Reputation: 57
I am try to save my wordcount result in file.
val wordCounts = words.map(x => (x, 1L)).reduceByKey(_ + _)
wordCounts.saveAsTextFile("/home/hadoop/datafile1")
But it is showing
value saveAsTextFile is not a member of org.apache.spark.streaming.dstream.DStream[(String, Long)] [error] wordCounts.saveAsTextFile("/home/hadoop/datafile1")
I am using spark 2.1. I show one answer which is suggesting old spark version.But I want to do in spark 2.1. Thanks.
Upvotes: 2
Views: 2972
Reputation: 1121
API documentation mentions the API as "saveAsTextFiles"
saveAsTextFiles(String prefix, String suffix)

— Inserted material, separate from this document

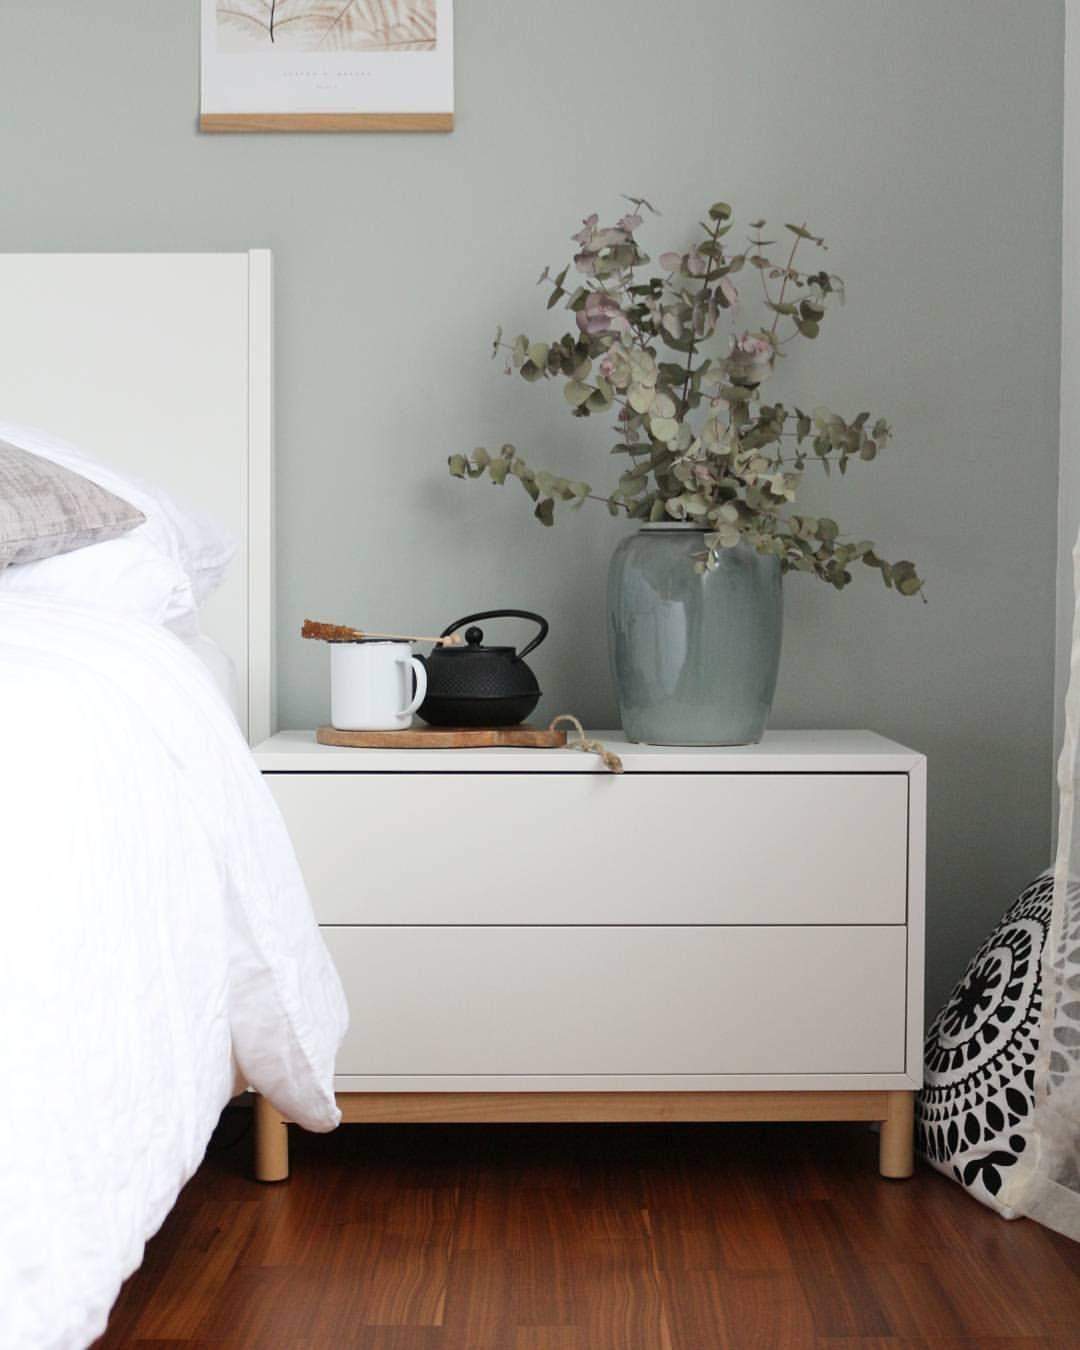 ikea eket nightstand decoracion pinterest. Black Bedroom Furniture Sets. Home Design Ideas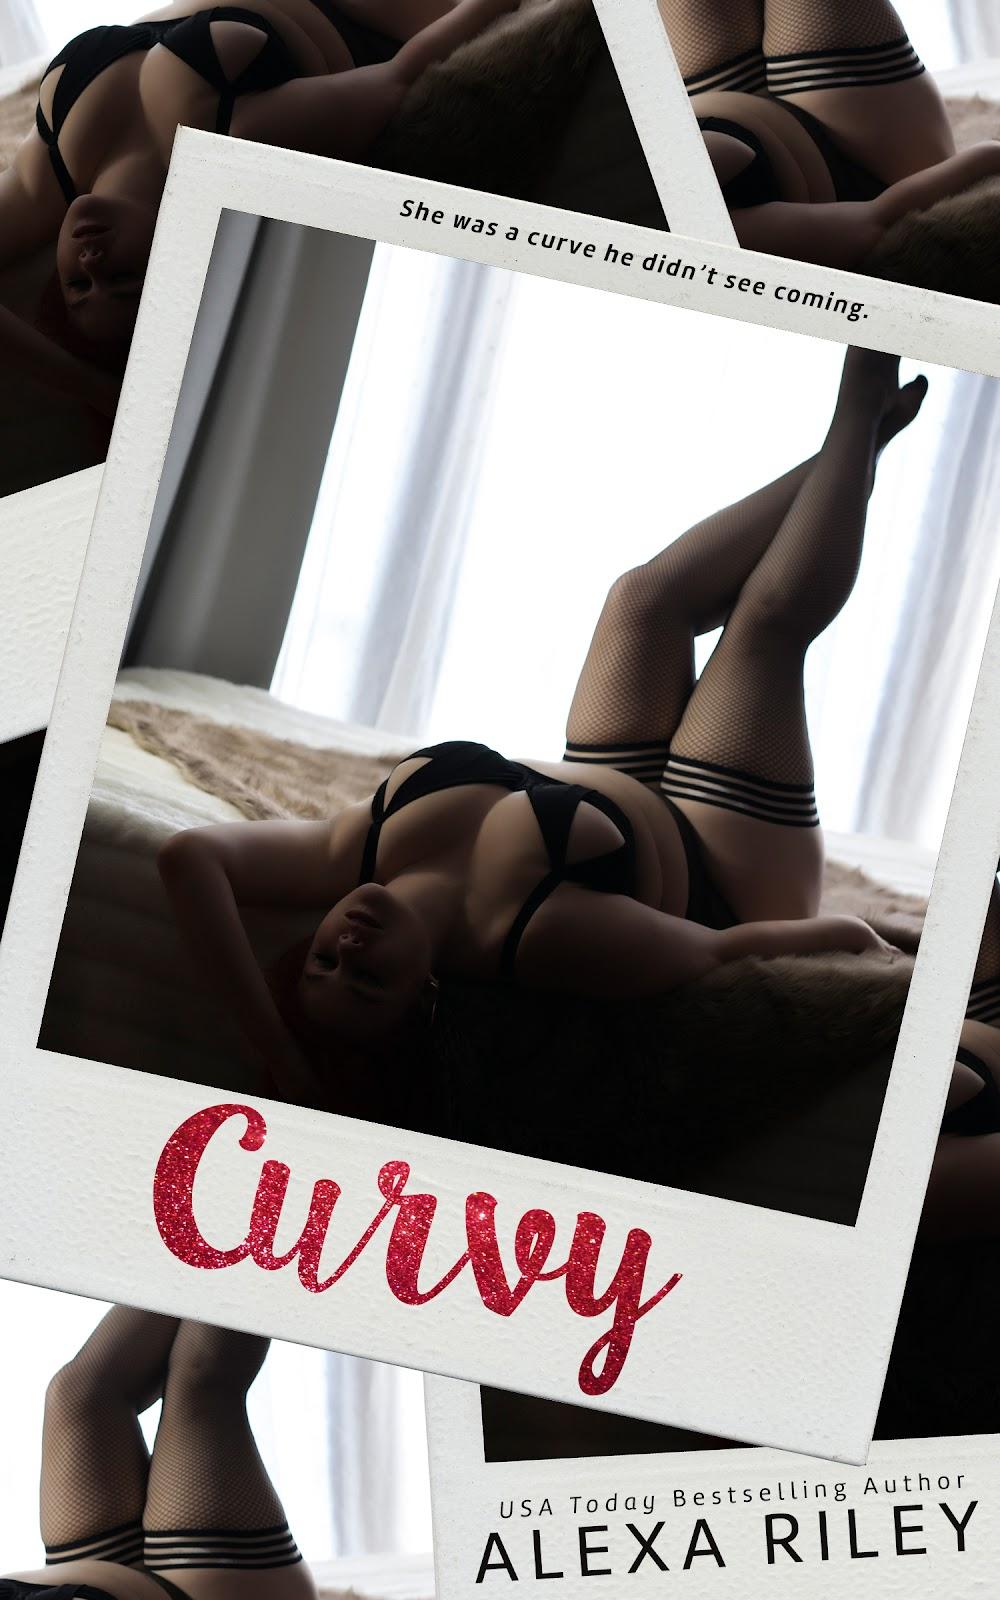 Curvy_Ecover_Final.jpg

Save each RDD in this DStream as at text file, using string representation of elements.
Upvotes: 1
Reputation: 30310
You are using a method defined for RDD
on a DStream
.
This is the method on RDD
:
def saveAsTextFile(path: String): Unit
...with description "Save this RDD as a text file, using string representations of elements."
This is the method on DStream
:
saveAsTextFiles(prefix: String, suffix: String = ""): Unit
...with description "Save each RDD in this DStream as at text file, using string representation of elements. The file name at each batch interval is generated based on prefix and suffix: "prefix-TIME_IN_MS.suffix."
So the method signatures are different--both in name and parameters.
In your code, wordCounts
is apparently a DStream
, so it does not have a saveAsTextFile
method.
However, I get the feeling you are confusing the abstractions and really want to write the individual RDD
s contained in a DStream
microbatch. To do that:
counts.foreachRDD { rdd =>
...
rdd.saveAsTextFiles(s"/home/hadoop/datafile-$timestamp")
}
Upvotes: 2